◆ **REQUIRED WORK**
For the records that follow, please set down exactly the lines between the one holding "The new Duke" and the one holding "vintage gaming ads", inclusive, and only those.
──────── DATASET EXTRACT
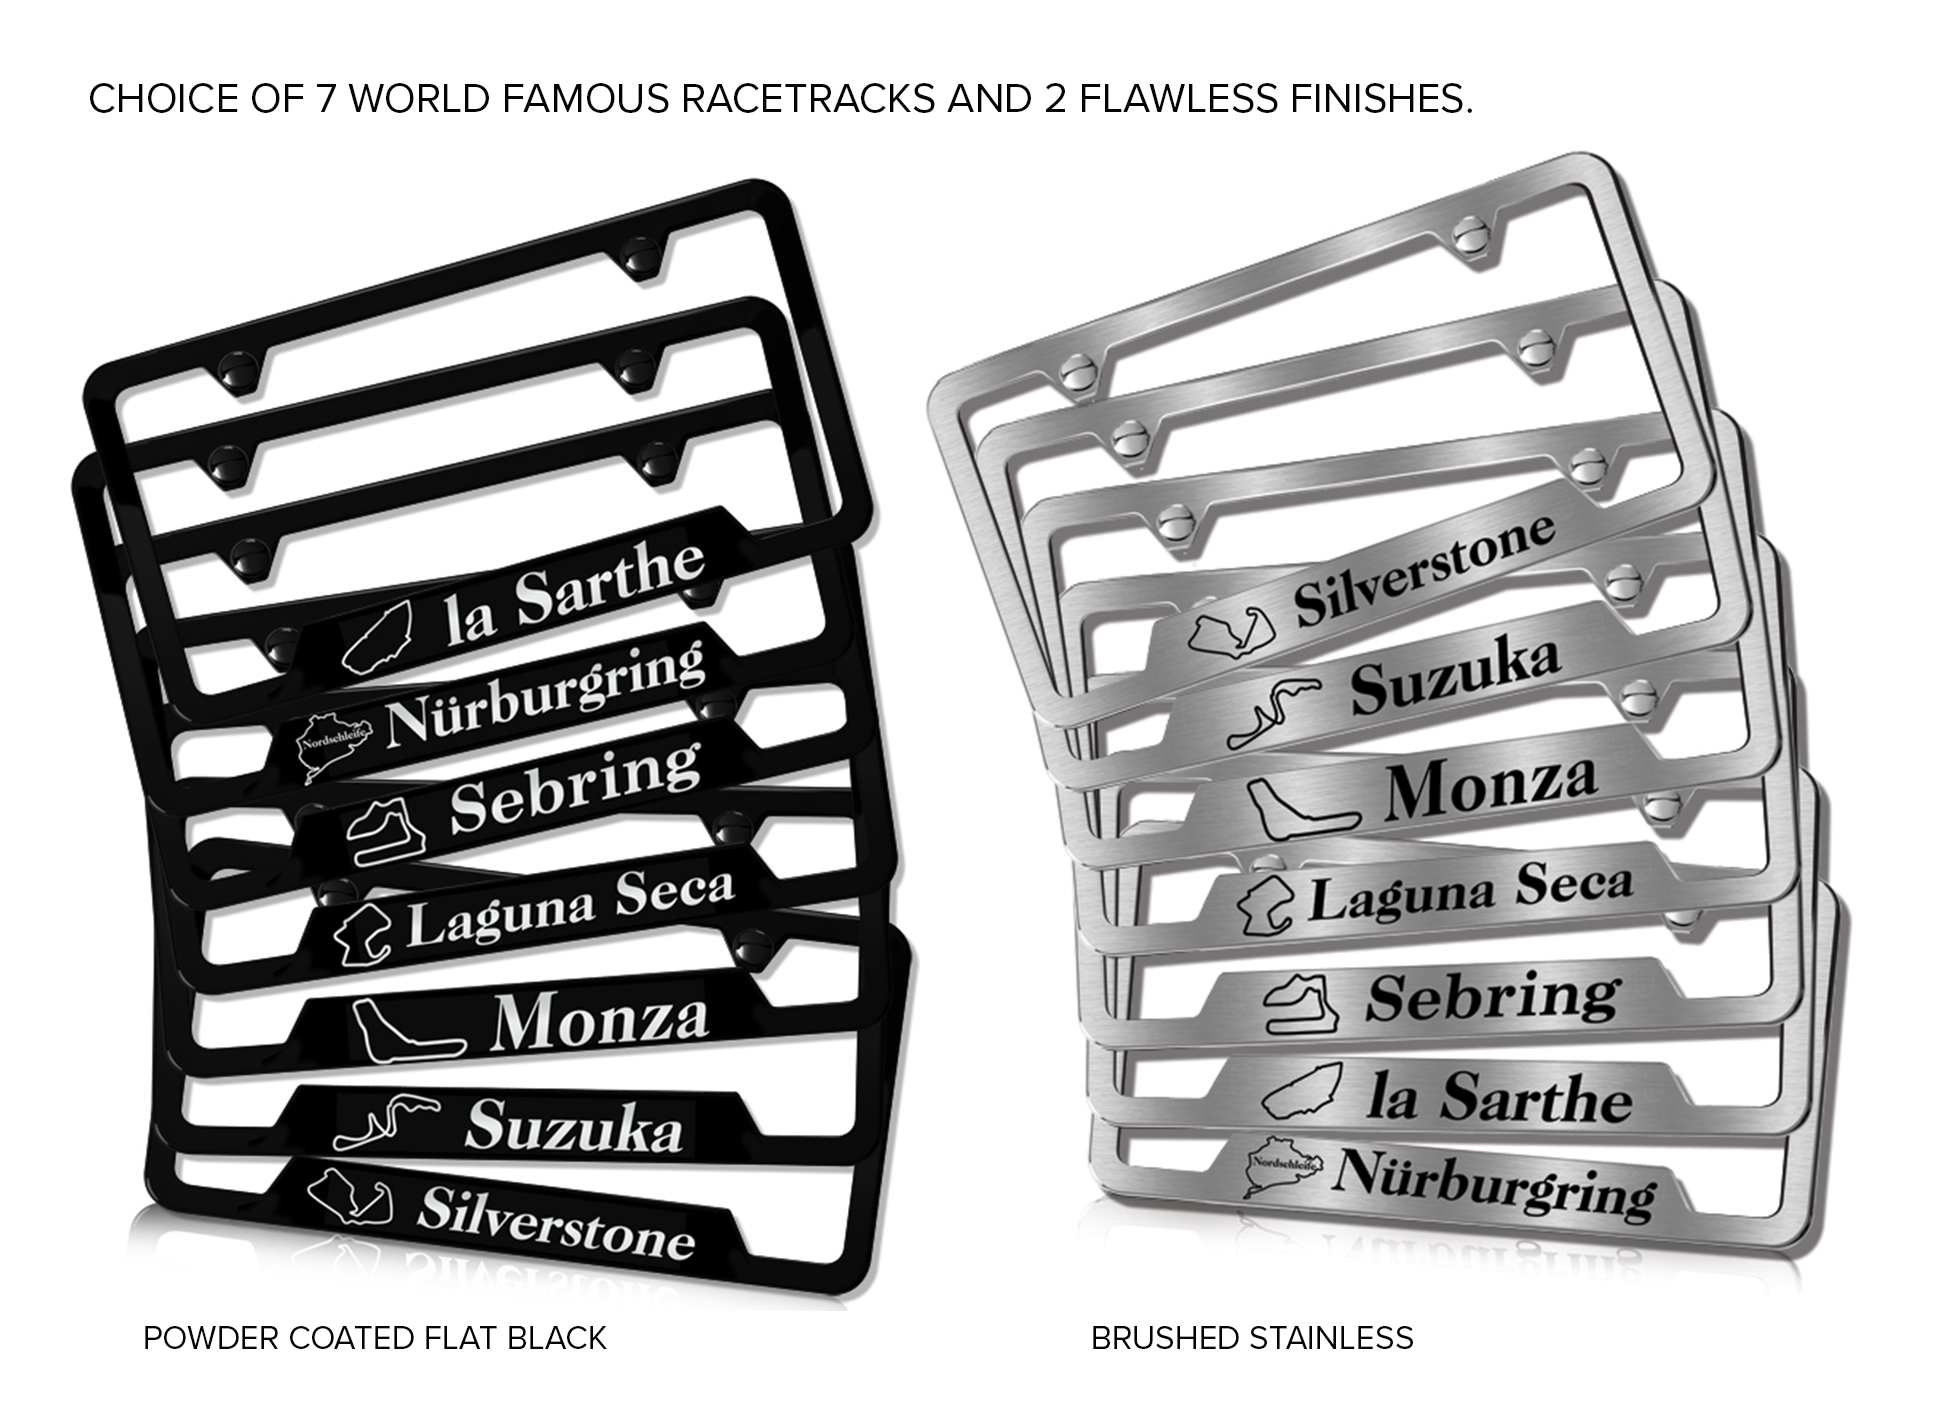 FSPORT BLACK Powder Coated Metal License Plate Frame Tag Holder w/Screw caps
────────────────
──────── DATASET EXTRACT
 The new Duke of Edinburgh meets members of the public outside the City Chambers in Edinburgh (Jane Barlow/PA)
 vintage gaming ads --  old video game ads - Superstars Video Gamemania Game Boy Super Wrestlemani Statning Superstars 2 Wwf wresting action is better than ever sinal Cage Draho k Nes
────────────────
◆ **EXERCISE RESPONSE**
 The new Duke of Edinburgh meets members of the public outside the City Chambers in Edinburgh (Jane Barlow/PA)
 vintage gaming ads --  old video game ads - Superstars Video Gamemania Game Boy Super Wrestlemani Statning Superstars 2 Wwf wresting action is better than ever sinal Cage Draho k Nes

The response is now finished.